Not surprisingly, “because of this unique exposure, I can’t imagine a time in my life when I wasn’t interested in design,” Hampton adds. In addition to the Designer Showhouse, which is located this year at 66 Rosko Lane in Southampton and runs through September 2nd, another local project Hampton holds close to her heart is a private home at 944 Mecox Road in Bridgehampton. Though she completed the space in 2012, she became close friends with its owners and has since worked with them in two more houses. “It’s such a great, classic Hamptons house,” Hampton says of 944 Mecox.

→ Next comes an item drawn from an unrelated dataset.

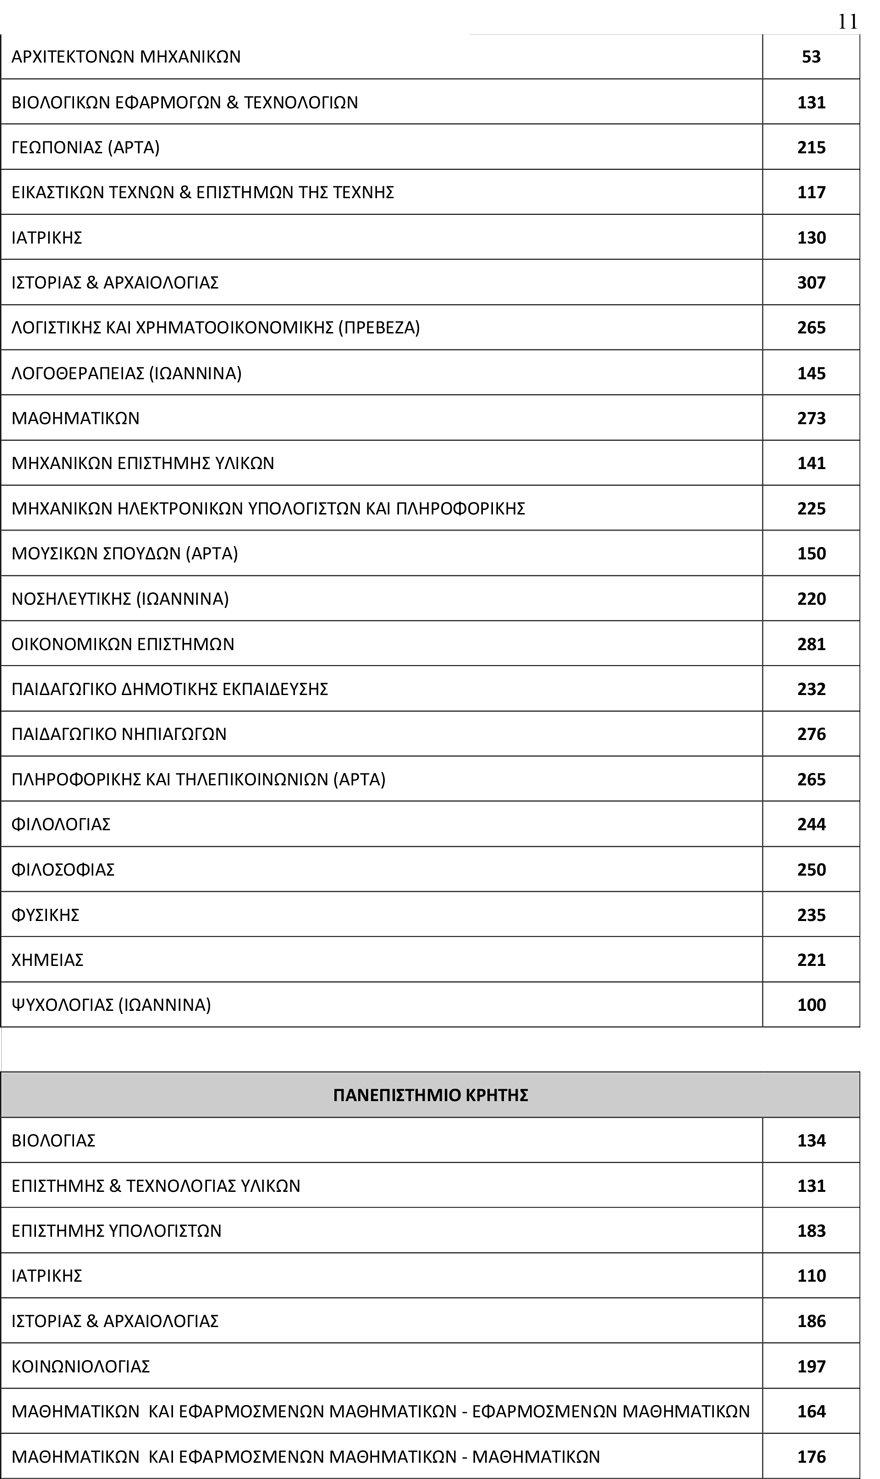 arrithmos_eisakt11 78.335 θα εισαχθούν φέτος στα Πανεπιστήμια - Αυξημένος κατά 3.500 ο αριθμός

The 10,200-square-foot eight-bed, eight-bath home is currently listed for $17.5 million with Beate Moore of Sotheby’s International Realty.

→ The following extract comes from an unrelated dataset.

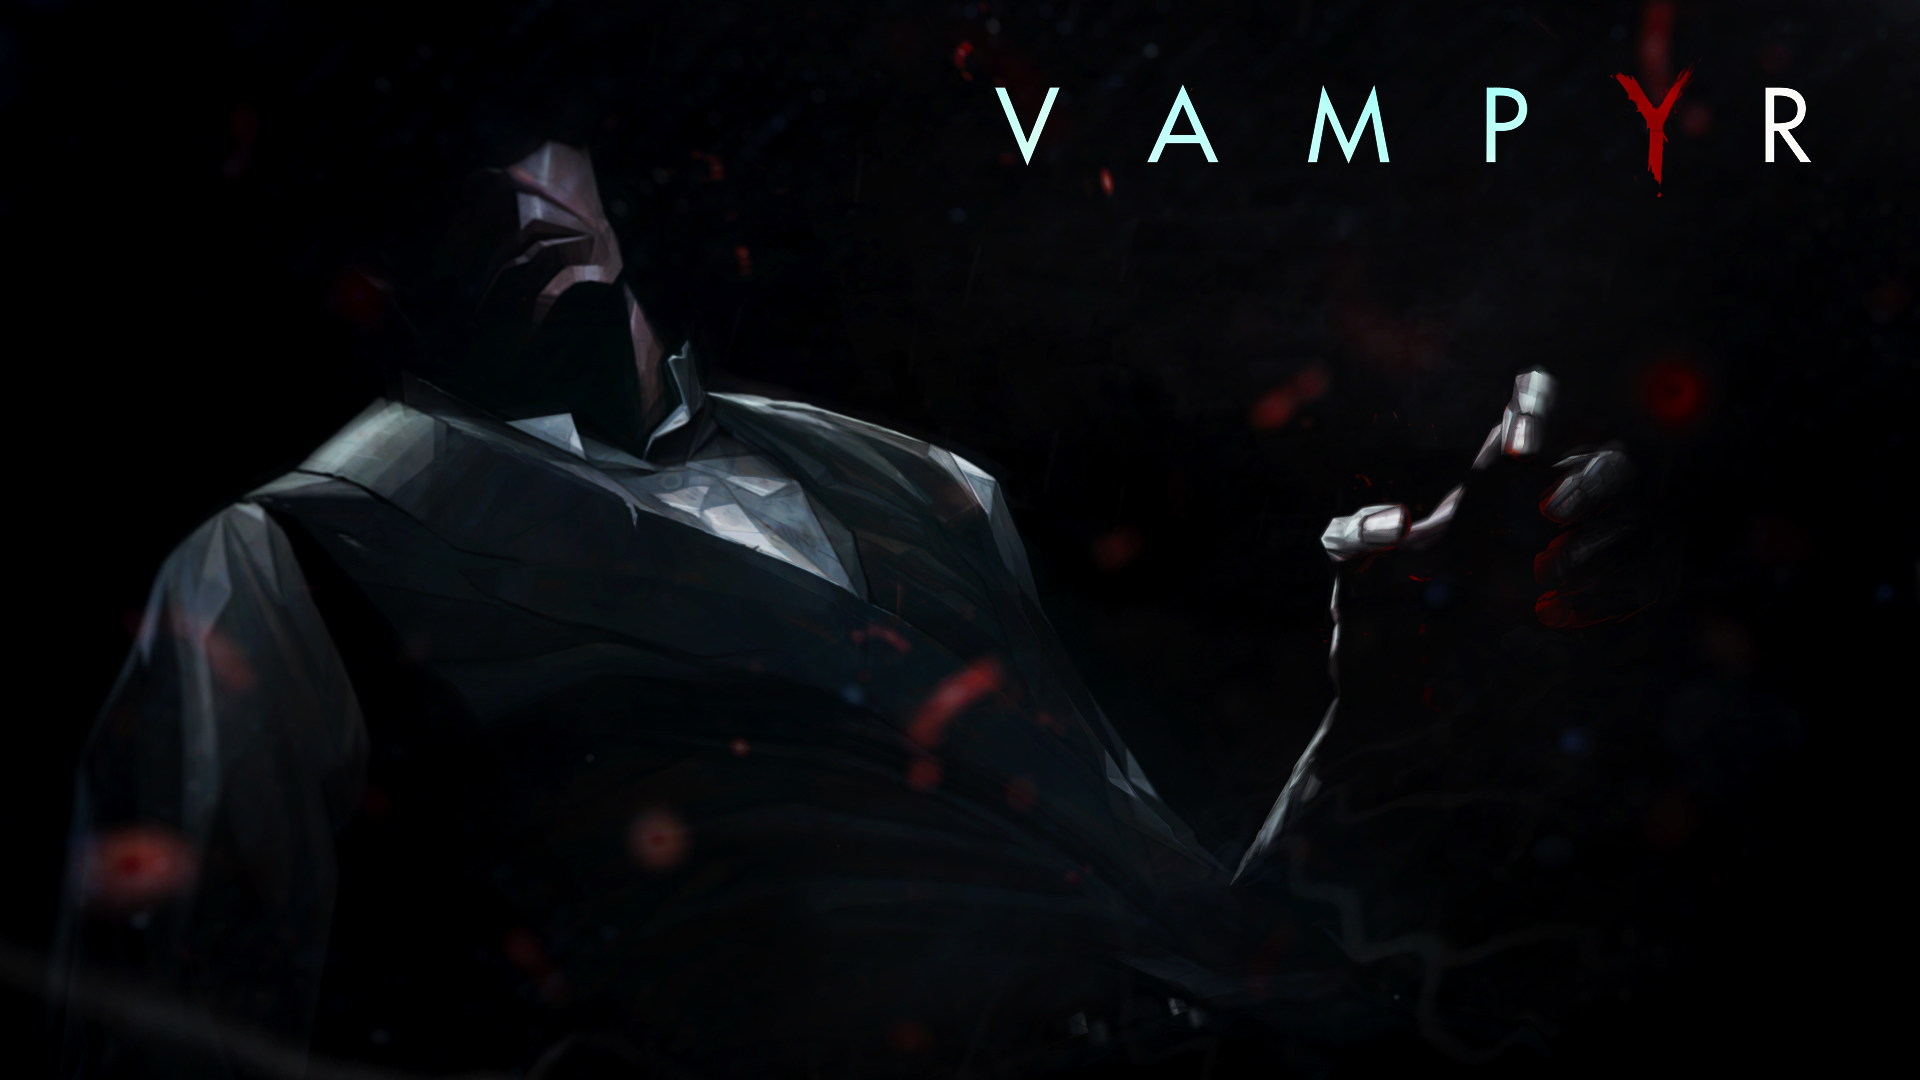 General 1920x1080 Vampyr video games game art dark Games posters

Though she describes her own aesthetic as traditional and logical, but also eclectic, for this job she incorporated its owners’ love of the blue and white color combination. “They are both highly enthusiastic about design and like to take a very hands on approach,” she says of the clients. “It was all about finding the right blues and making everything super comfortable while maintaining a gorgeous layered look.”
When they moved, the couple took their furnishings from 944 Mecox with them and fit the pieces seamlessly into their next residence, Hampton adds. “If the design is well thought out the pieces are versatile then they can work in a new setting and look fabulous,” she says.